Europe’s largest automaker is aiming for 5 billion euros ($5.3 billion) of savings a year at its namesake VW brand by 2017 to close a profitability gap with rivals such as Toyota.
Group Chief Executive Martin Winterkorn said on Thursday cost cutting, including ceasing unprofitable models and reducing expensive equipment, might boost the brand’s 2015 results by “well over 1 billion” euros.
That’s only about a fifth of the target, and added to some analysts’ doubts about the plan, even though works council chief Bernd Osterloh told Reuters in January that VW should manage savings of “substantially more” than 5 billion.
“Scepticism about such cost-cut plans is justified,” said Bankhaus Metzler analyst Juergen Pieper, who recently lowered his recommendation on VW stock from buy to hold. “I expect the savings to be smaller (than the targeted 1 billion this year); ultimately it’s very difficult to verify the savings.”
VW shares were down 0.6 percent to 240.8 euros by 9.30 a.m. EDT.
Winterkorn said the VW division, the group’s largest by unit sales and revenue, had identified steps to achieve about half of the 5 billion target, without elaborating.

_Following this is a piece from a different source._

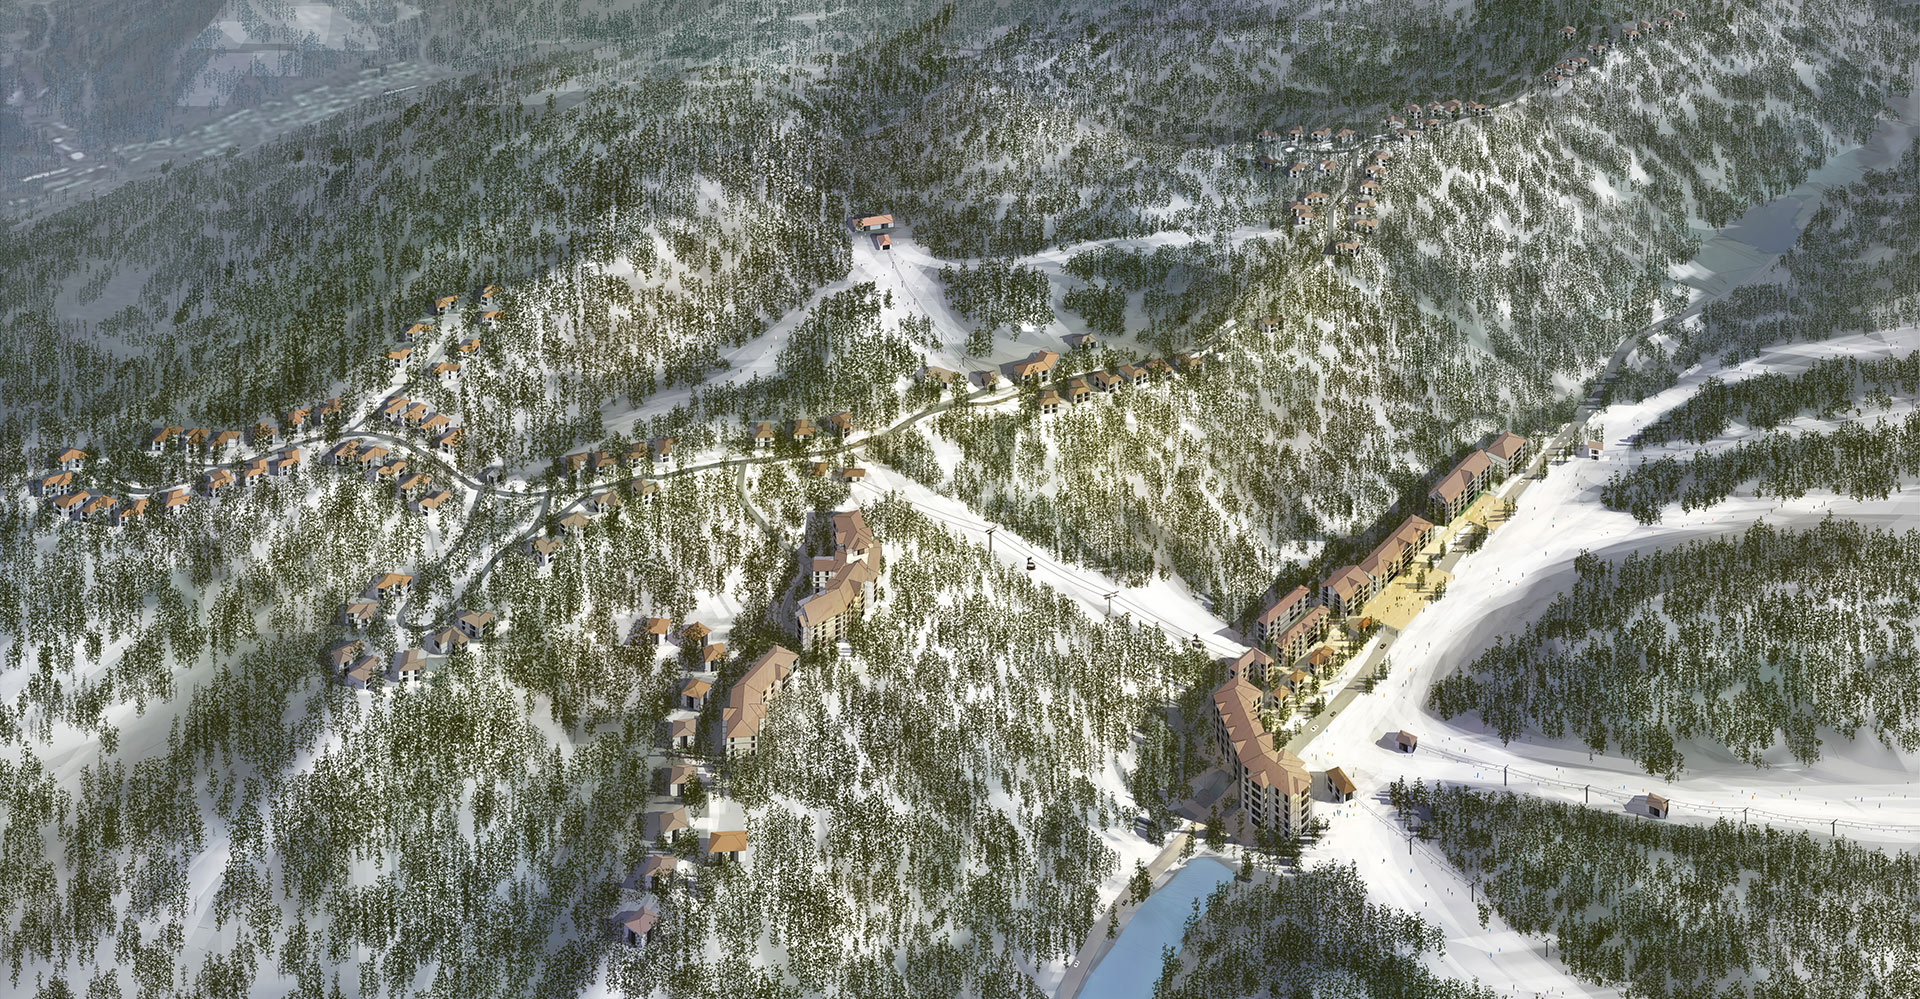 Chongli Ski and Mountain Resort WATG view 2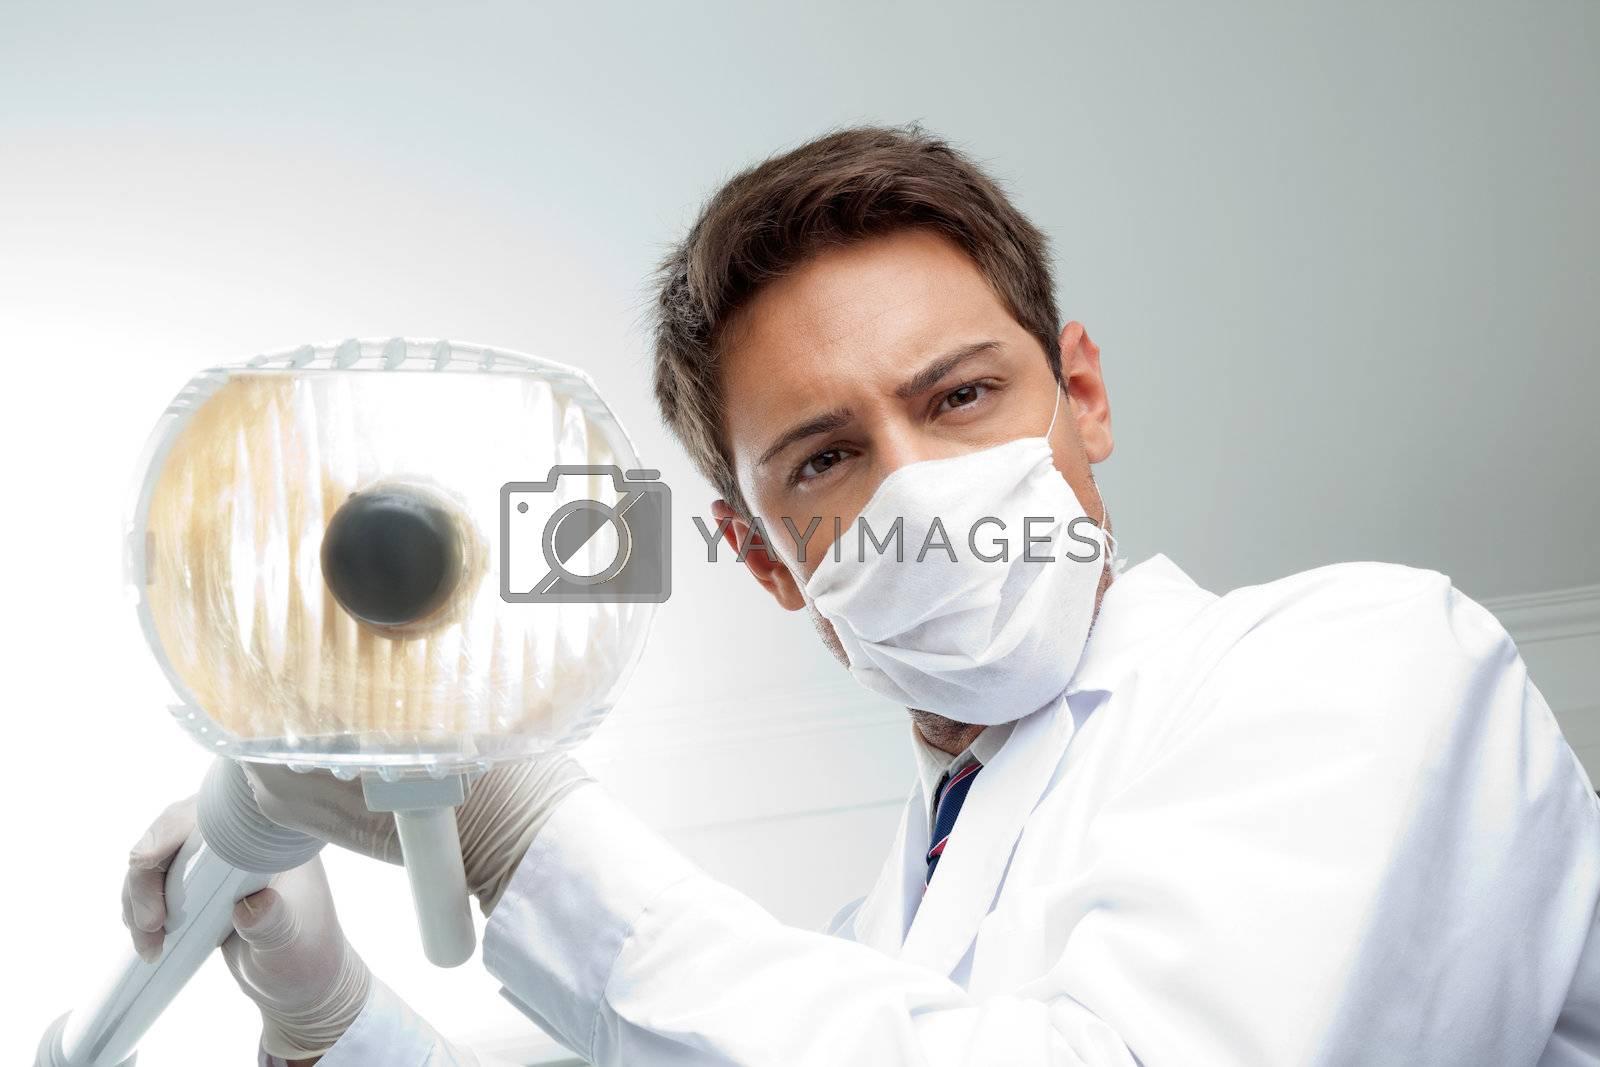 Dentist Holding Dental Lamp by leaf

Some measures won’t bear fruit until 2016 or 2017, such as assembling the new long-wheelbase Tiguan SUV in Mexico which will protect VW from swings in the dollar and terminating models such as the Eos convertible, the company said.
“We are steadily adding (cost-cutting) themes,” finance chief Hans Dieter Poetsch said at the group’s annual press conference. “We’re confident but the whole matter can only succeed with hard work.”
After posting forecast-beating 2014 results last month, driven by demand for upmarket Audis and Porsches, the group gave details on Thursday about individual brands.
Earnings at the VW division, which makes the Golf hatchback and Passat saloon, dropped 14 percent to 2.48 billion euros, after plunging by a fifth in 2013, hit by tumbling demand in Russia and Brazil.
Its operating margin slipped to 2.5 percent, far below a long-term target of at least 6 percent.
Separately, the group’s new trucks chief said it would need to enter the U.S. market to become a global force in that business.
The group also said Winterkorn earned 15.9 million euros last year in salary, bonus and profit incentives, up from 15 million in 2013. That’s more than any other chief executive among Germany’s top 30 companies listed on the DAX index.